I've had low-level involvement in several research projects at work using LLMs over the last few months. When testing these kinds of systems you will typically want to evaluate the correctness, appropriateness, and relevance of the responses but, in one of the experiments I was running recently, the interesting question was whether two implementations we had built varied to a comparable extent.
If you like that kind of thing (and I do) you could frame it this way:
is the variability variable?
To investigate it, I needed three things:
- a variability metric
- a way to calculate the metric
- a comparison function for those metrics across systems under test
Although the output of the system I was looking at was textual, it was
possible to extract a list of key items from the response and ignore most of
the text. For instance, in three responses to the same prompt I might identify
five concepts:
... A ... B ... C ... D ... E ...
... B ... A ... D ... C ... E ...
... A ... B ... C ... F ... E ...
Then my simple-minded metric simply counted the number of uniquely ordered lists generated by some number of runs for that prompt. In the example above, this would be three because no two rows are the same.

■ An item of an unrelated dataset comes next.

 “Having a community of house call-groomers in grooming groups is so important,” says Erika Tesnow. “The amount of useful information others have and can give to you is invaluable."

It's an easy metric to calculate given that I can extract the key concepts, so
the question then turns to how to compare these metrics across two variants of
a system under test.
My instinct was that there would be statistical approaches that could be
applied but I'm as qualified in statistics as I am in AI. I thought that I
wanted something
- quick and simple for a non-expert to conceptualise and interpret
- easy to implement in Google Sheets
- with no strong assumptions about the source data
So I asked a friendly statistician who, like a good tester, knew how to ask scoping questions, gauge the level at which a client is able to hold a conversation, and provide relevant information concisely. Given what I was able to tell her about my needs, she pointed me at the paired t-test and its documentation in Google Sheets.
Bingo! I had a metric, a way to calculate the metric, and a way to compare across implementations of the system under test.

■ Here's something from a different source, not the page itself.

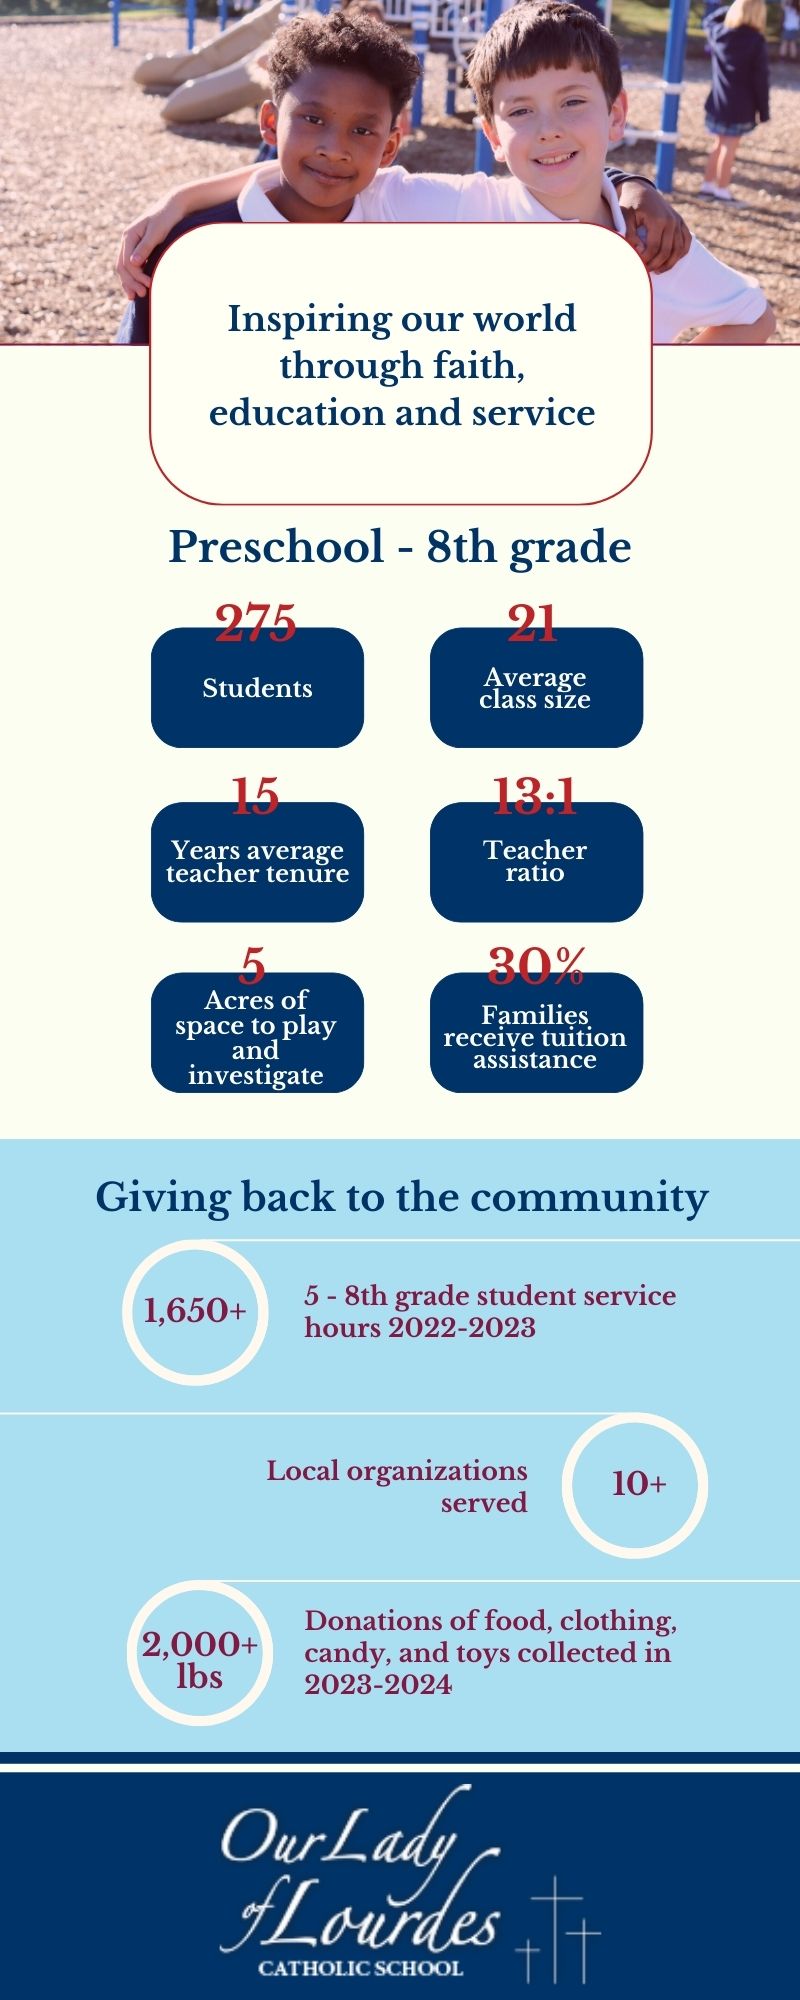 Our Lady of Lourdes Catholic School 2023-2024 infographic

Here's an example showing how it might work:
Each row (Run) represents a different prompt submitted 100 times while columns represent the implementations. Baseline is an existing implementation and SUT (System Under Test) 1 and 2 are alternative approaches.
The values represent the variation in response for each run according to my crude metric, i.e. how many unique lists there were. So, for prompts 4 and 5, SUT 1 generates many more response variants than the other two.
The heatmap and the means give us an intuitive sense that SUT 2 is "close" to the Baseline while SUT 1 is further away.
The pairs of the paired t-test are the values being compared for each
row, so in the analysis of Baseline against SUT 1 the first few pairs are (21,
47), (22, 39), and (53,44).
The p-values show the result of running the paired t-test on the SUT columns against the baseline. The function is pretty straightforward:
Now, starting with the null hypothesis that the SUTs vary the same amount as the Baseline, if we apply a hypothesis test at the 5% level we see that SUT 1 is less than 0.05, suggesting it is different to Baseline, while SUT 2 is greater and so suggests similar variation to Baseline.
Neat, right? Our intuitive reaction to the data is apparently backed up by some basic statistics.
But.
But we're testers aren't we, so we want to test the way we analyse our data and the conclusions we're comfortable drawing from that analysis. So I mocked up some more data and ran the same analysis process.
MOCK 3 and MOCK 4 are attempts to see how the system behaves at limits. MOCK 3 is deliberately very different, while MOCK 4 is identical to Baseline. Notice that the p-value for MOCK 3 is small, as we would hope, but the p-value for MOCK 4 is undefined. Hmm.
I played around with small variations to MOCK 4 and found that it's quite easy
for data that looks very close to the Baseline in terms of values, heatmap,
and mean to have a p-value either below 0.05 (MOCK 5) or above (MOCK 6). This tests my faith in the t-test, or my understanding of it.
So why do we see this?
From my friendly statistician again: the paired t-test works on the differences for each pair. In the image above, the differences are shown on the right, i.e. for MOCK 3 against Baseline the paired differences for the first three runs are -78, -78, and -47. The t-test assesses whether the mean of the differences is different from zero and in the case of MOCK 3 it is very different.
If we go back to SUT 1, 2 and Baseline, we can now recast the initial experiment in much more statistical language. For SUT 1, the mean of the paired differences in the number of uniquely ordered lists was statistically significantly different from zero (at the 5% significance level) suggesting a difference in variation of responses between these two implementations. Whereas the p-value for SUT 2 and Baseline was above 0.05, supporting the hypothesis that there is no variation in response between those two implementations.
What about MOCK 5 and MOCK 6, then? The differences there both appear close to zero to the untrained eye.
In the case of MOCK 5, the paired values are all either 0 or 1 and the mean of the differences is 0.4. This may seems small but it's considered to be a statistically strong "signal" relative to the low level of difference in the data. It is this that gives the statistically significant result.
If this feels counter-intuitive, gloss it this way: there is relatively little difference between MOCK 5 and Baseline, but what difference there is is all in one direction (the differences are all positive). This influences the t-test outcome.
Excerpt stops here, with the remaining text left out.